Дорогая моя Сонечка!

В Стокгольме дал два концерта и прожил спокойно четыре дня, отменив второй концерт в Oslo1. Немножко оправился и окреп. Когда был еще в Копенгагене2, у меня появился неприятнейший сюрприз: <...> меня беспокоит мой палец, который еще в Нью-Йорке был зашиблен где-то внутри подушки. Но и пальцу теперь легче. Так что все пока терпимо и в порядке.

Из Стокгольма, сразу после концерта, мы сели в поезд и доехали до Мальме, где были на следующее утро в 8 ч[асов] утра. Тут начались новые переживания. Чтобы сократить бесконечное путешествие в двое суток до Будапешта, нас уговорили лететь. Ну, мы и полетели! Дам тебе время, чтобы было яснее. В 8.30 вылетели из Мальме и через четверть часа спустились в Копенгагене, где простояли полчаса. В 9.15 вылетели из Копенгагена. Было солнечно и чудная погода. Но вскоре мы стали забираться все выше и выше. Появились облака, но под нами. Как снежное поле. Когда через облака стали спускаться в Берлине, — погода была уже скверная и стало качать и дергать. В Берлине спустились в 11 часов. Простояли там один час. Завтракали с Верой Струве, которую выписали. В 12 вылетели на другом аэроплане и прилетели через 45 минут в Дрезден, где нас встречали Володя, Тамара, Саша и Соня. Проговорили с ними полчаса. Бабушка не приехала. Почему-то думала, что мы остановимся в Дрездене. В 1 ч[ас] 15 минут вылетели и спустились в Праге в 2 часа. Простояли 20 минут и, наконец, в 2 ч[аса] 20 минут вылетели из Праги и спустились в Вене в 3 ч[аса] 25 минут. От Берлина до Вены 540 километров. Всю вторую часть дороги довольно сильно качало, но представь себе, я, плохой моряк, чувствовал себя превосходно! А Наташа моя очень страдала. Ей было так скверно, что она наотрез отказалась лететь еще раз. Это очень грустно, а то бы я отныне только бы летал. Например, из Вены мне надо съездить в Прагу и обратно3. Поездом семь часов, аэропланом 1 ч[ас] 5 м[инут]. Теперь, жалея Наташу, потрясемся.
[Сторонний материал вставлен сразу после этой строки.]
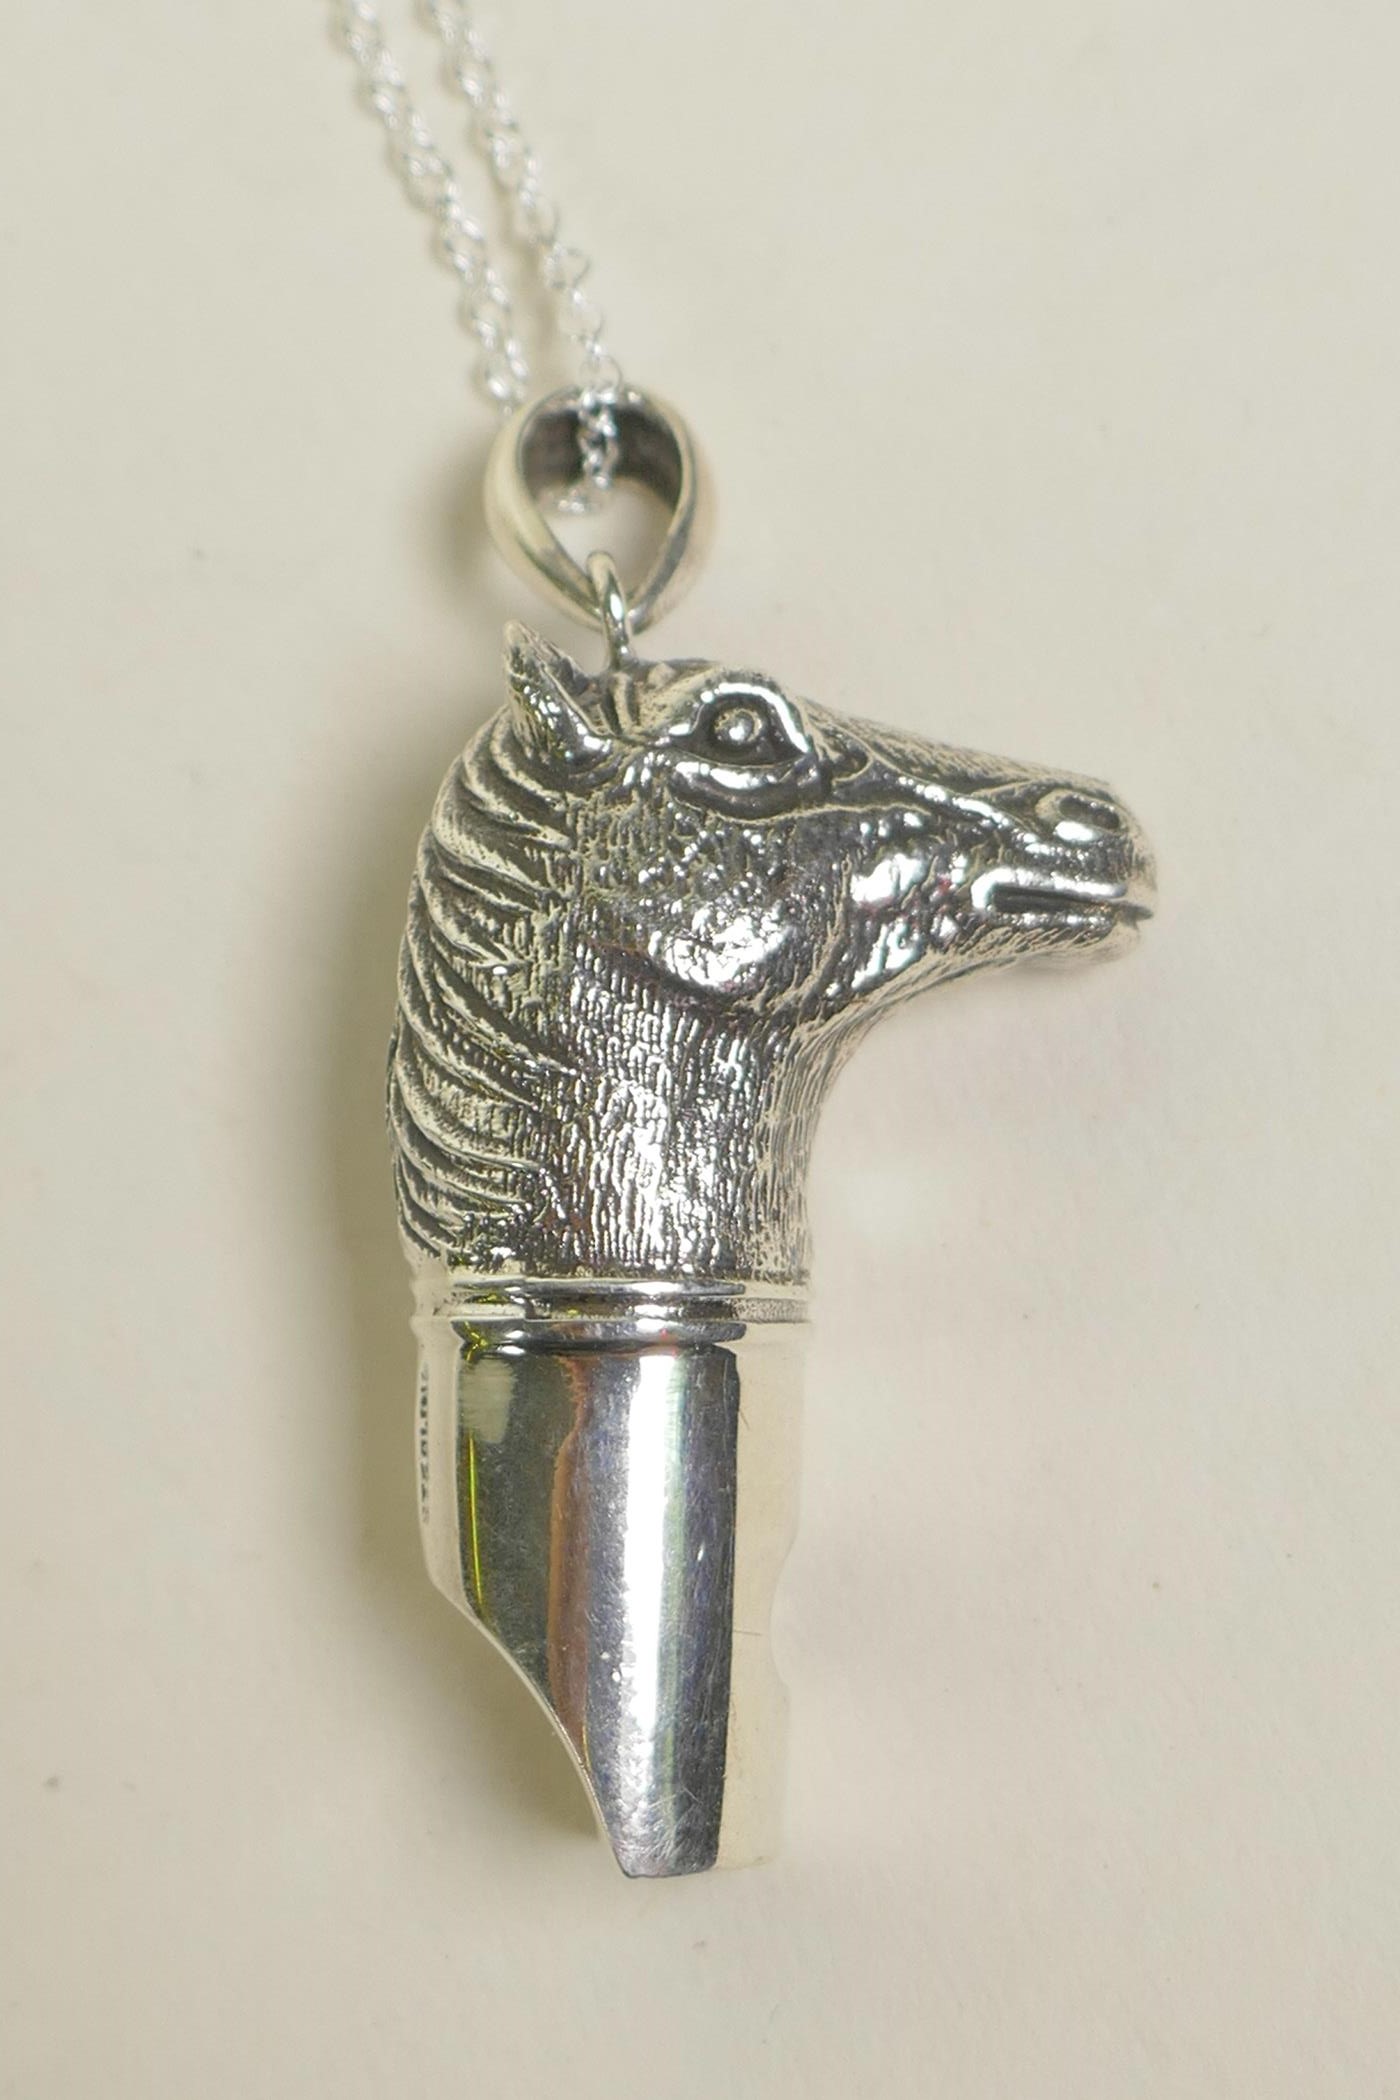 A sterling silver pendant whistle in the form of a horse head, 1½"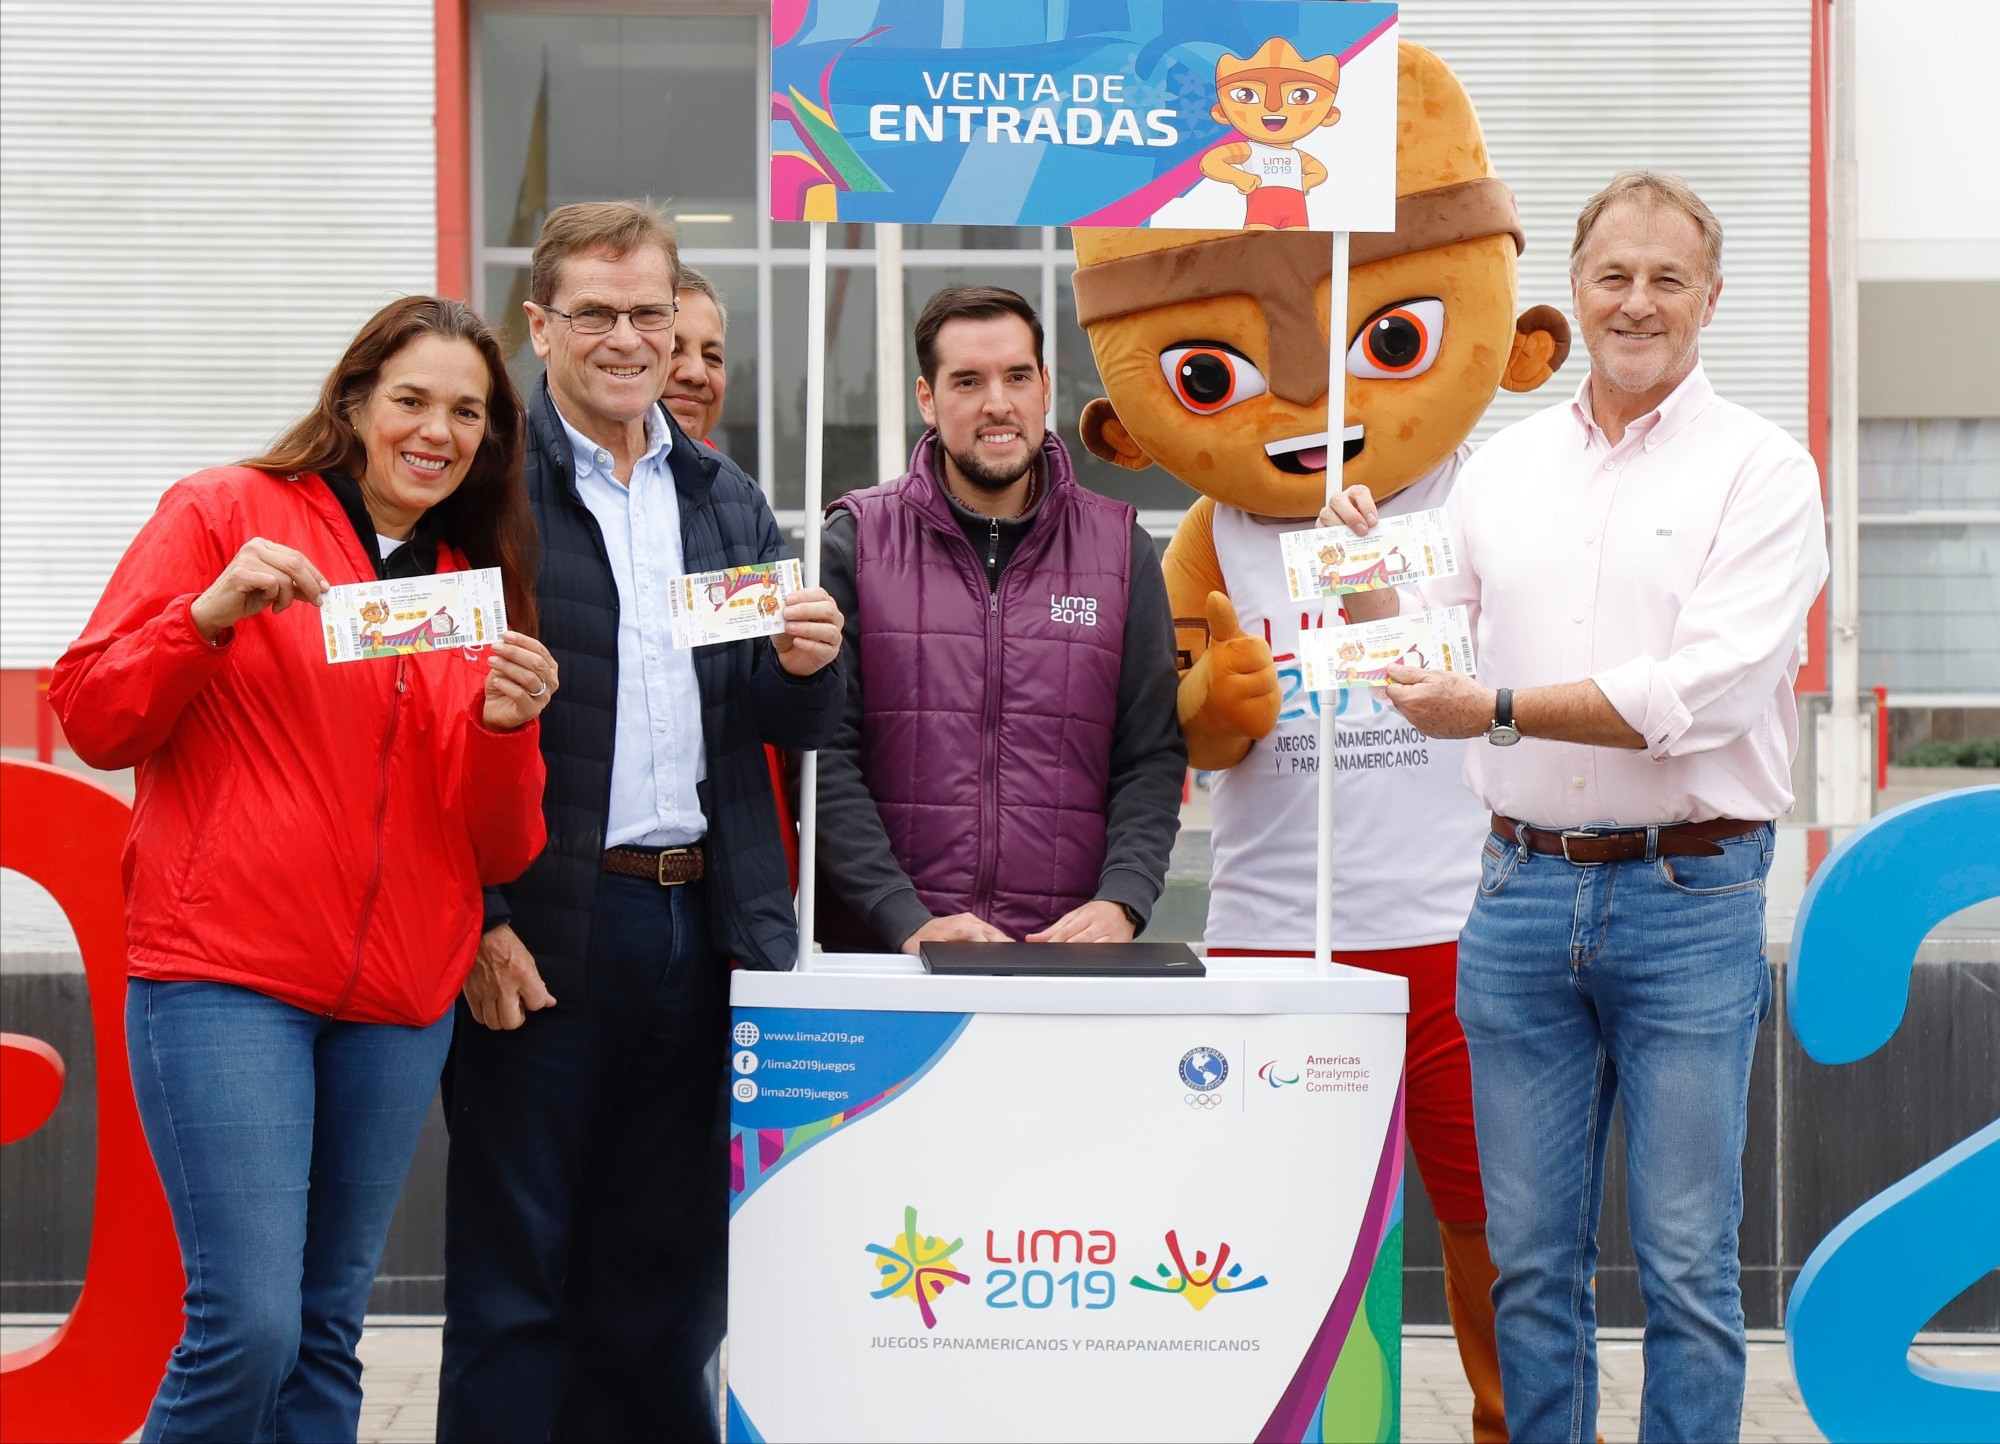 Lima 2019 tickets for Parapan American Games go on sale

Как твое здоровье? Надеюсь, все у тебя благополучно. Обнимаю тебя.

Твой С. Р.

Сегодня концерт здесь.

А. В. ГРЕЙНЕРУ

26 февраля 1935 г.

[Париж]

Дорогой Александр Васильевич!

Закончил приблизительно одну треть моего европейского турне. Провожу здесь три дня и завтра уезжаю, или, вернее, «улетаю» (последнее время все летаю, это не к добру) в Англию, где послезавтра начинаю. С роялями все это время обстоит благополучно и даже local 1 инструмент в Вене оказался в порядке. К этому письму прилагаю венские рецензии о моем реситале2, которые обещал прислать своим в Н[ью]-Й[орк]. Так как за переводами все равно обратятся к Вам, то посылаю их также для Вашего сведения. Позовите как-нибудь Сонечку и Сомовых и прочтите им.

Как здоровье Александры Феоктистовны? Как Ваше здоровье?

Надеюсь, что Вы иногда о нас вспоминаете, хотя мы и не принадлежим к самым излюбленным артистам Steinway. Что делать! Терпим!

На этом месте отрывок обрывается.